WHAT IS BEING ASKED:
Return all the lines below exactly as written. Drop every picture.
(COLLECTED MATERIAL)
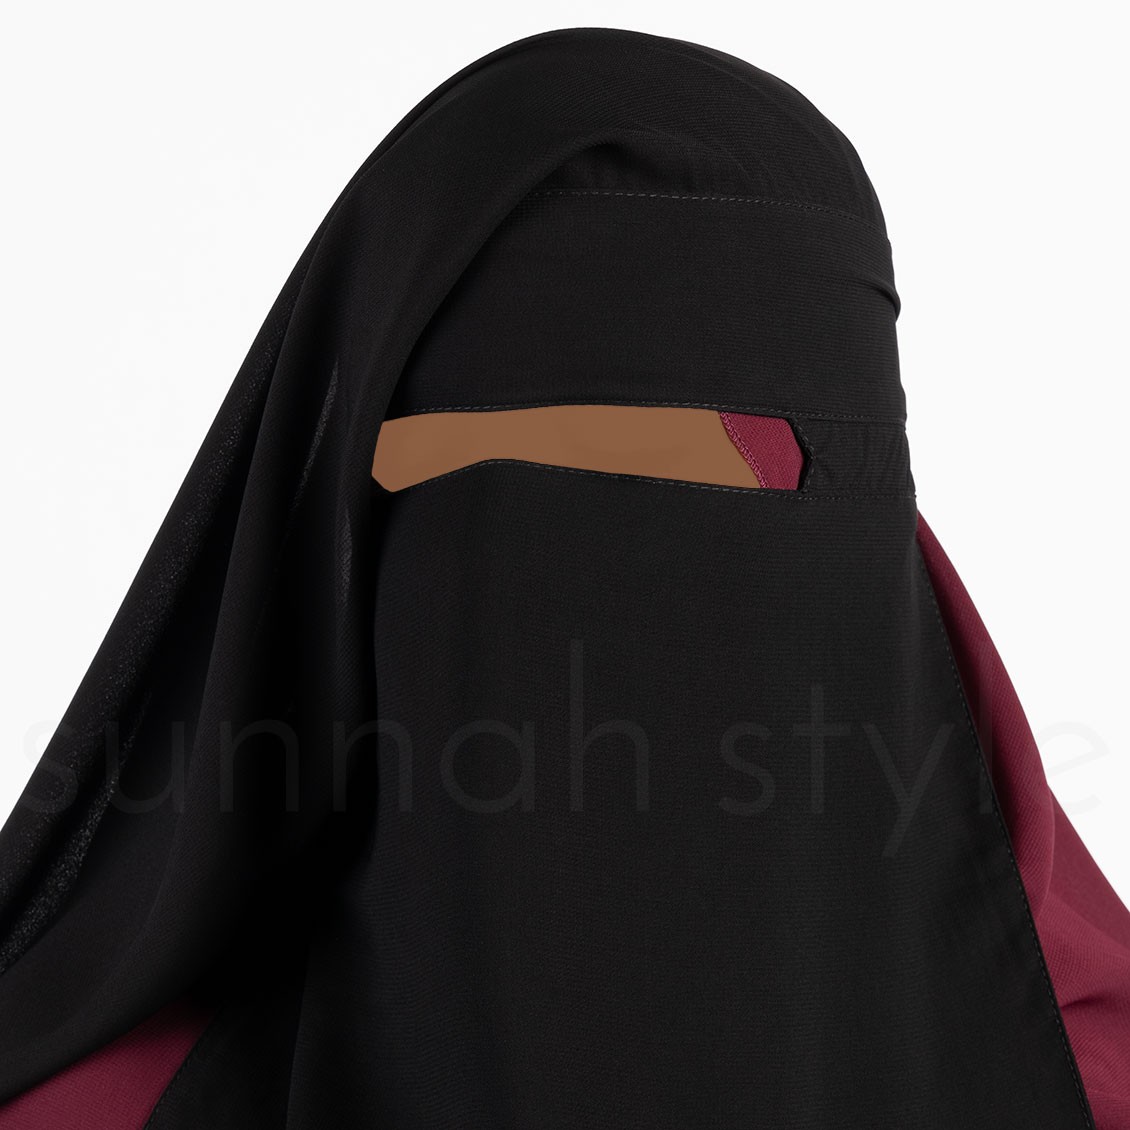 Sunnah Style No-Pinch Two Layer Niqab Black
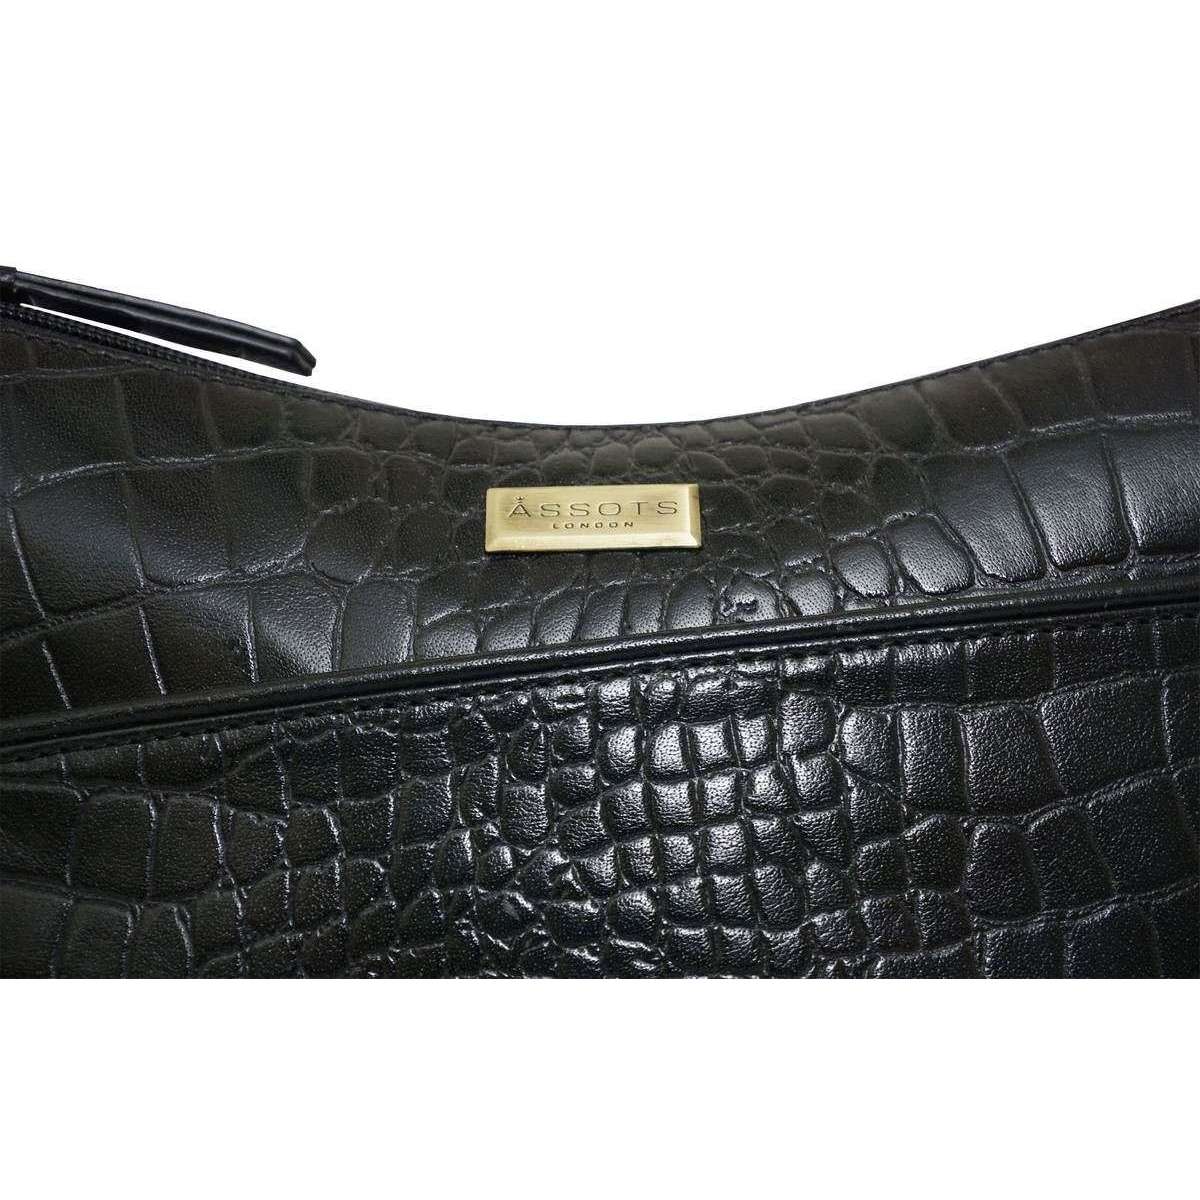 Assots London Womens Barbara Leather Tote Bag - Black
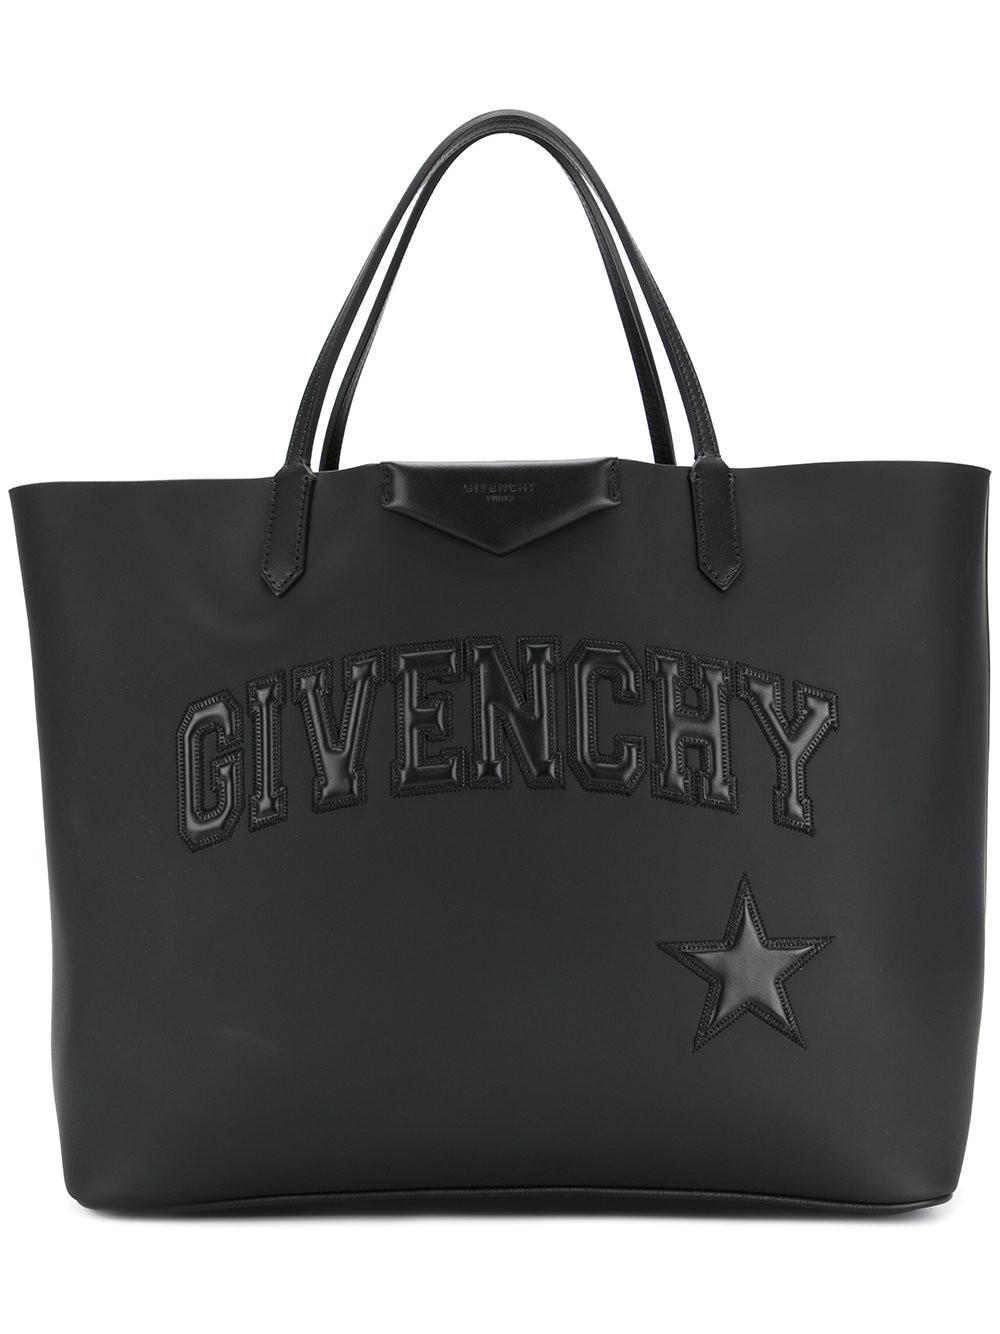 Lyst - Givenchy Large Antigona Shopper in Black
(End COLLECTED MATERIAL)
RESPONSE AREA:
 Sunnah Style No-Pinch Two Layer Niqab Black
 Assots London Womens Barbara Leather Tote Bag - Black
 Lyst - Givenchy Large Antigona Shopper in Black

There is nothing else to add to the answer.